Restate exactly, and only, the lines from the one with "Aldergrove Park Christian" through the end of the data, with both of those end lines kept. Drop any pictures.

-------- Available data --------

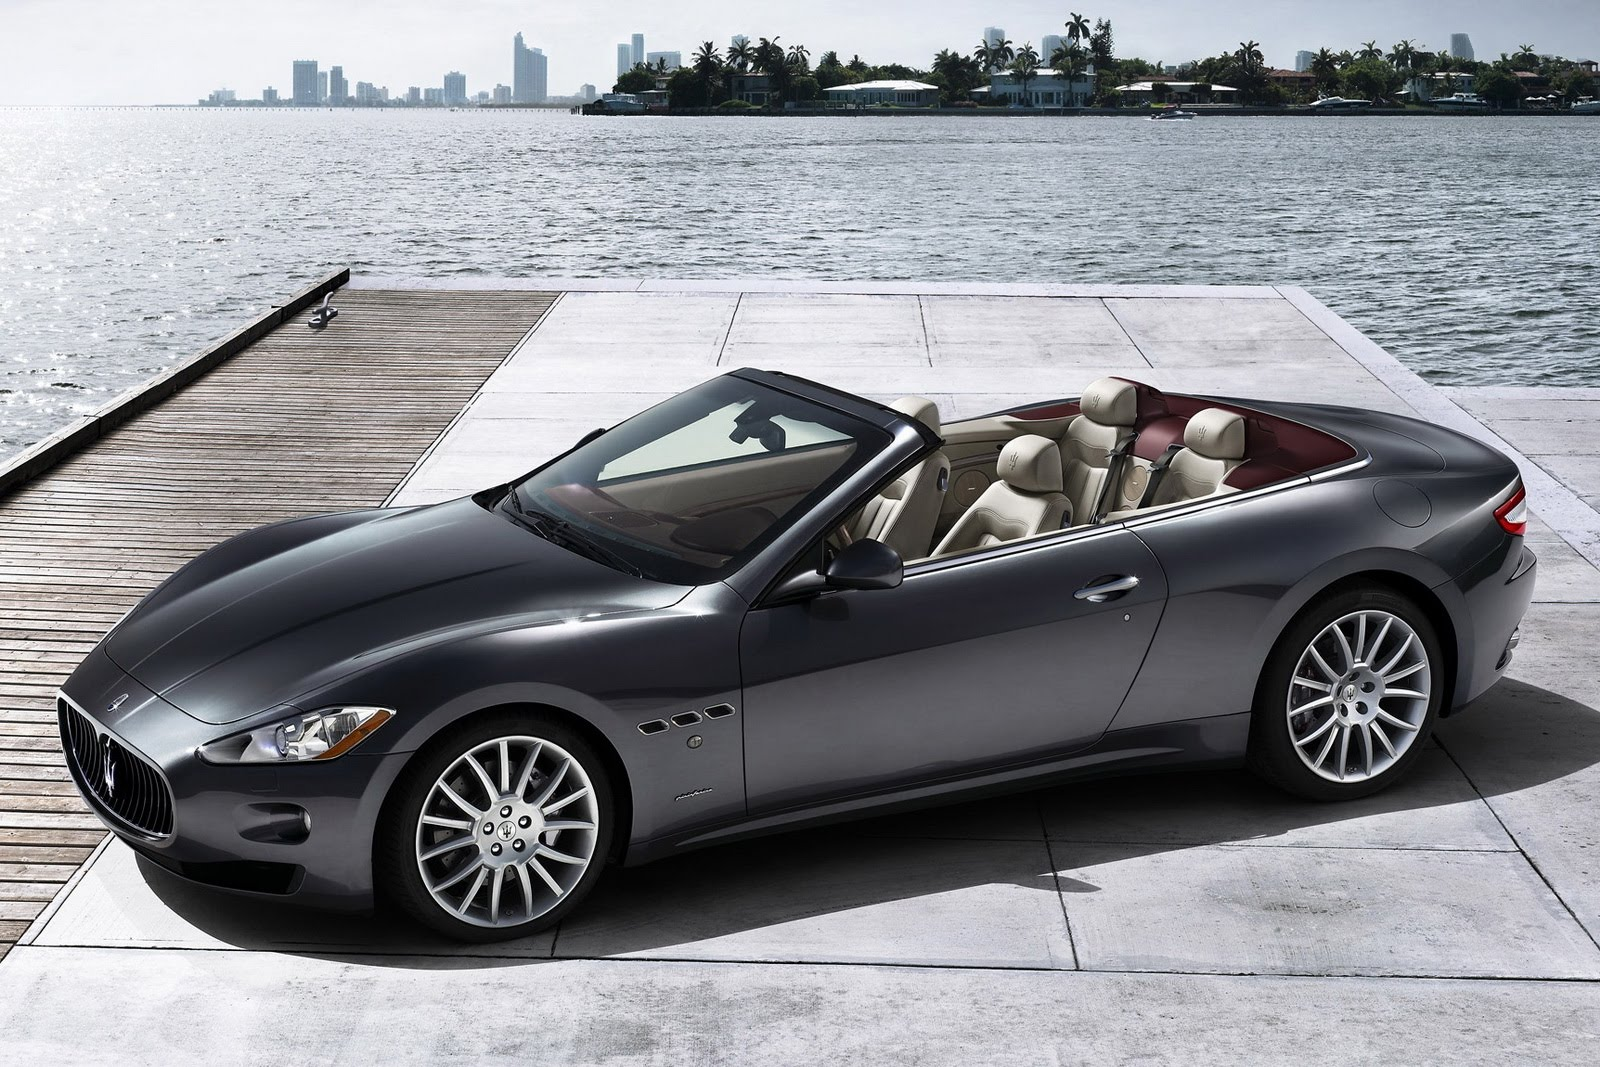 maserati grancabrio, location voiture luxe, week-end romantique, saint valentin, week-end, week-end romantique
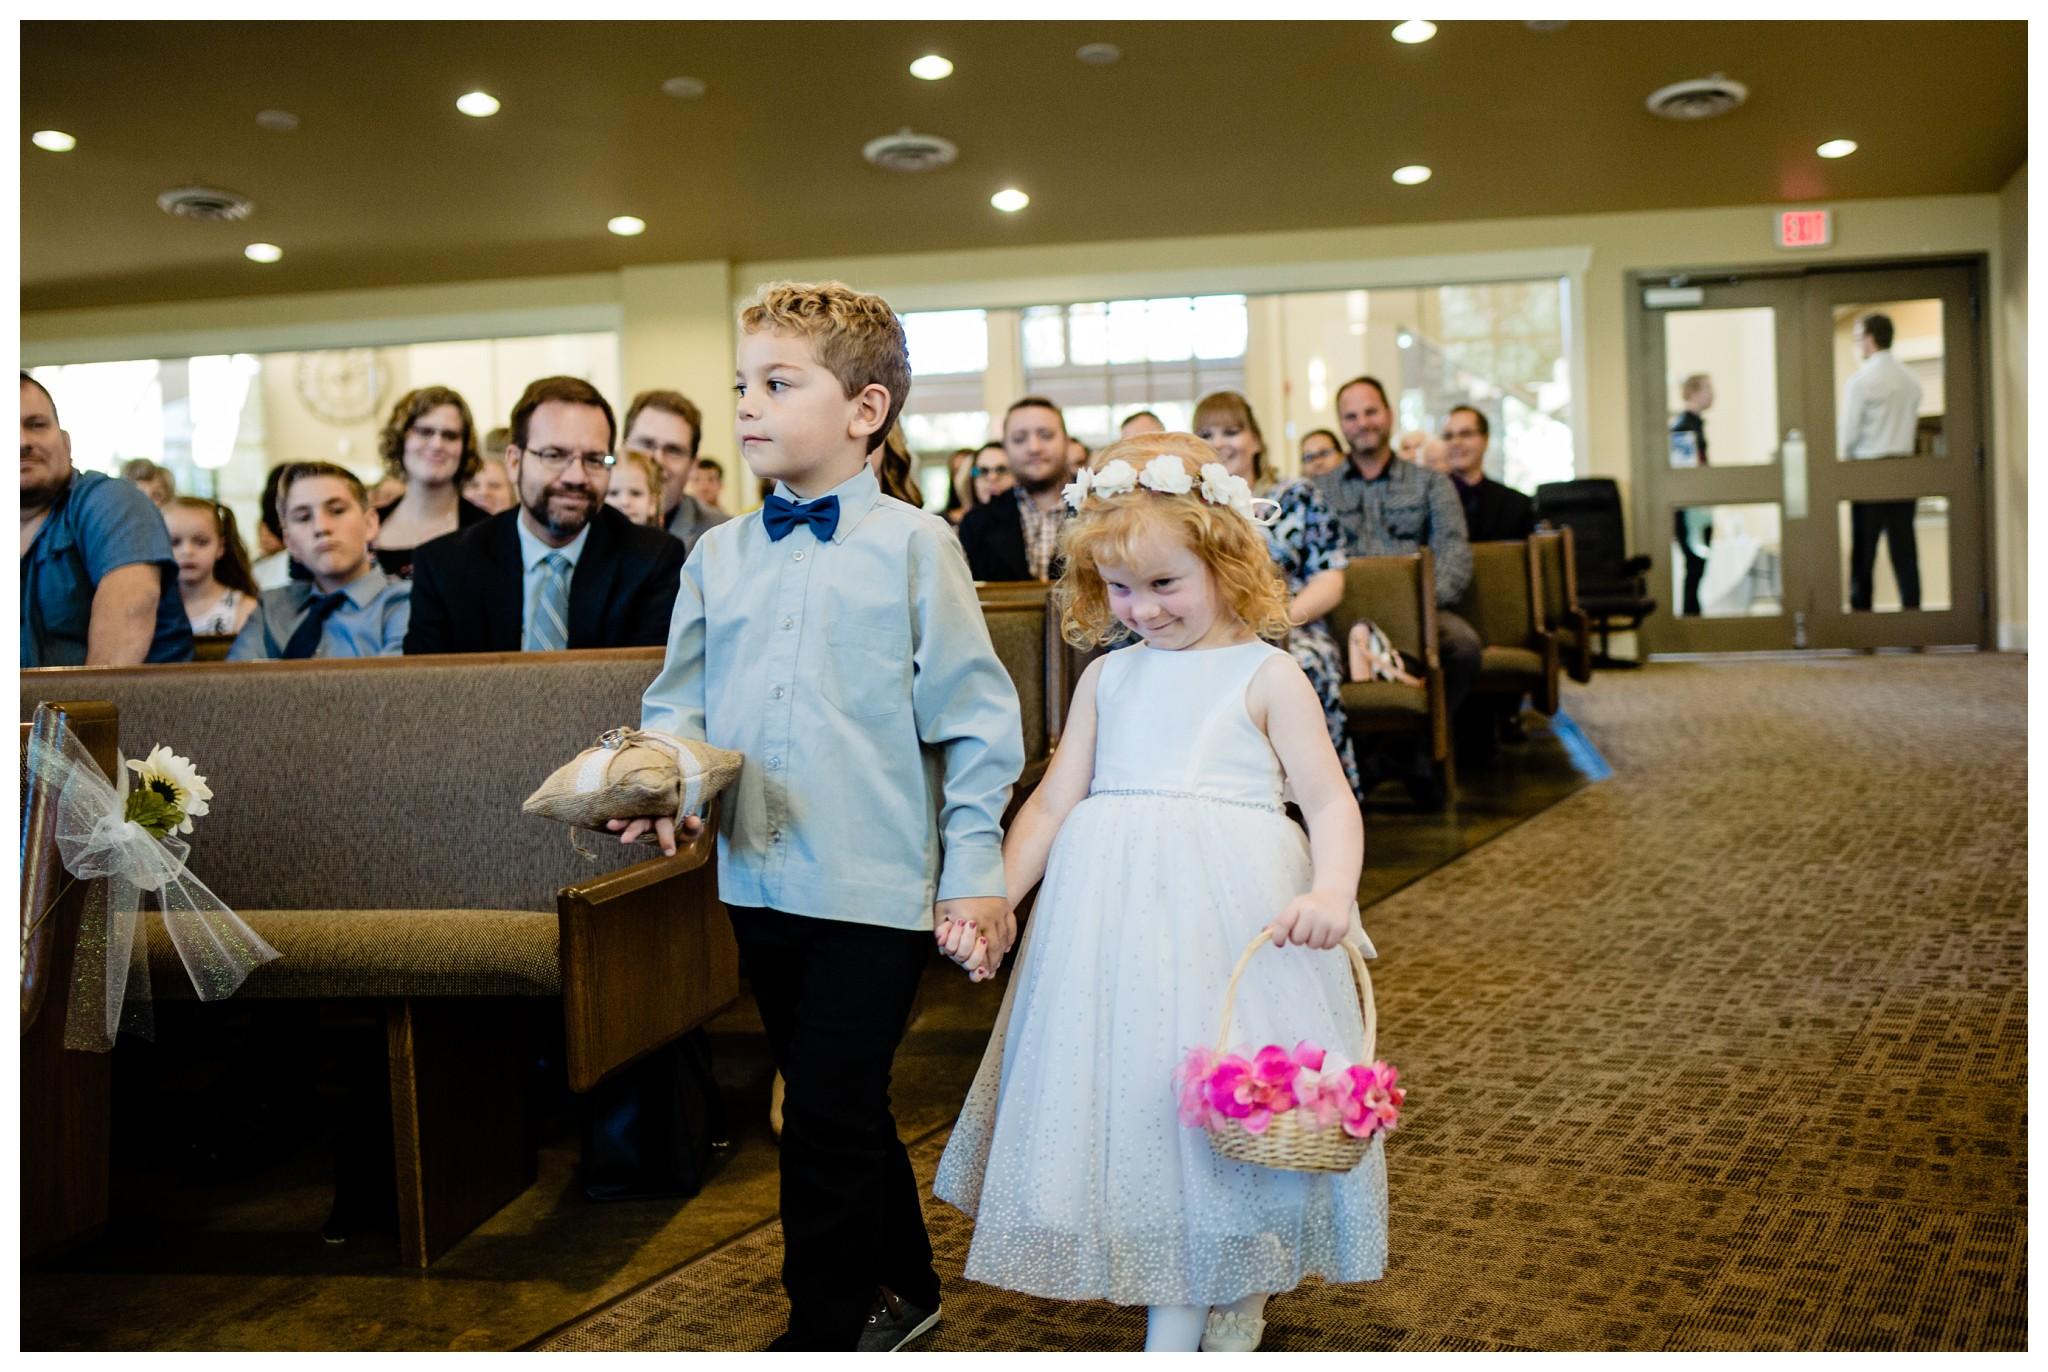 Aldergrove Park Christian Church Wedding Photography Pink Flowers Blue Bridesmaid Dress Fall_0056.jpg
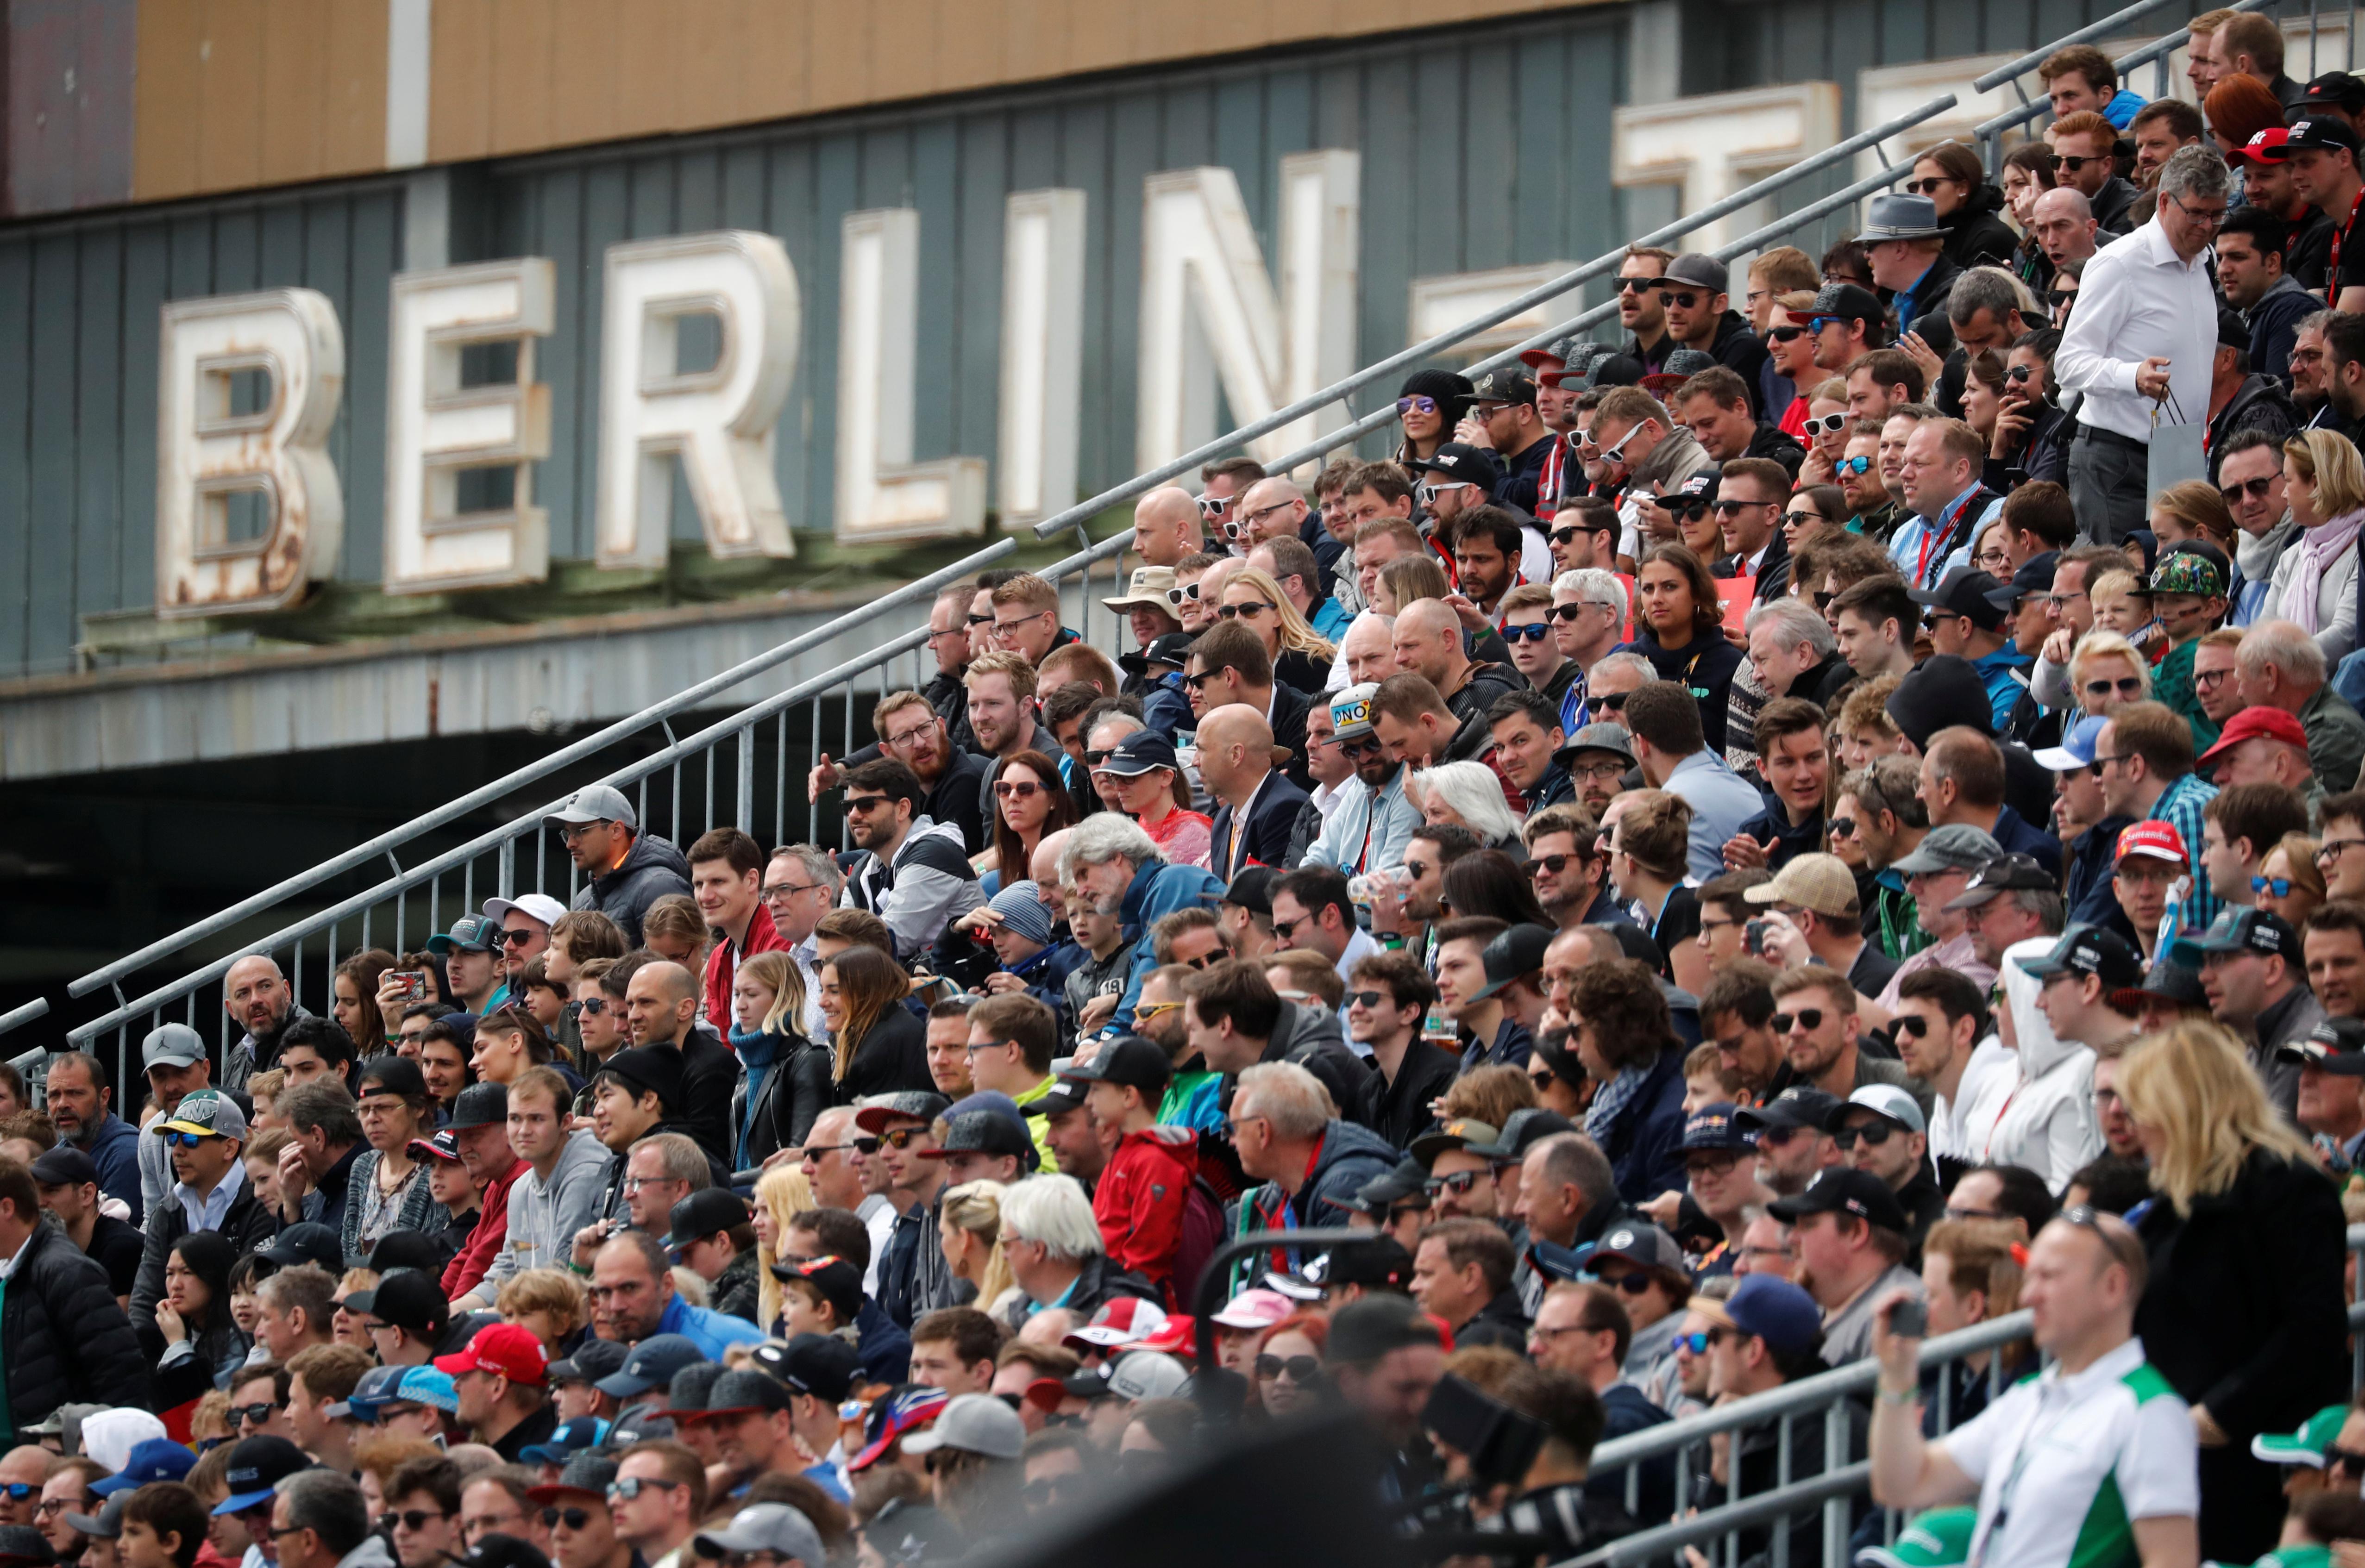 Motorsport - Formula E - Berlin ePrix - Berlin-Tempelhof, Berlin, Germany - May 25, 2019   General view of spectators in a stand   REUTERS/Hannibal Hanschke

--------

* [Written answer]
 Aldergrove Park Christian Church Wedding Photography Pink Flowers Blue Bridesmaid Dress Fall_0056.jpg
 Motorsport - Formula E - Berlin ePrix - Berlin-Tempelhof, Berlin, Germany - May 25, 2019   General view of spectators in a stand   REUTERS/Hannibal Hanschke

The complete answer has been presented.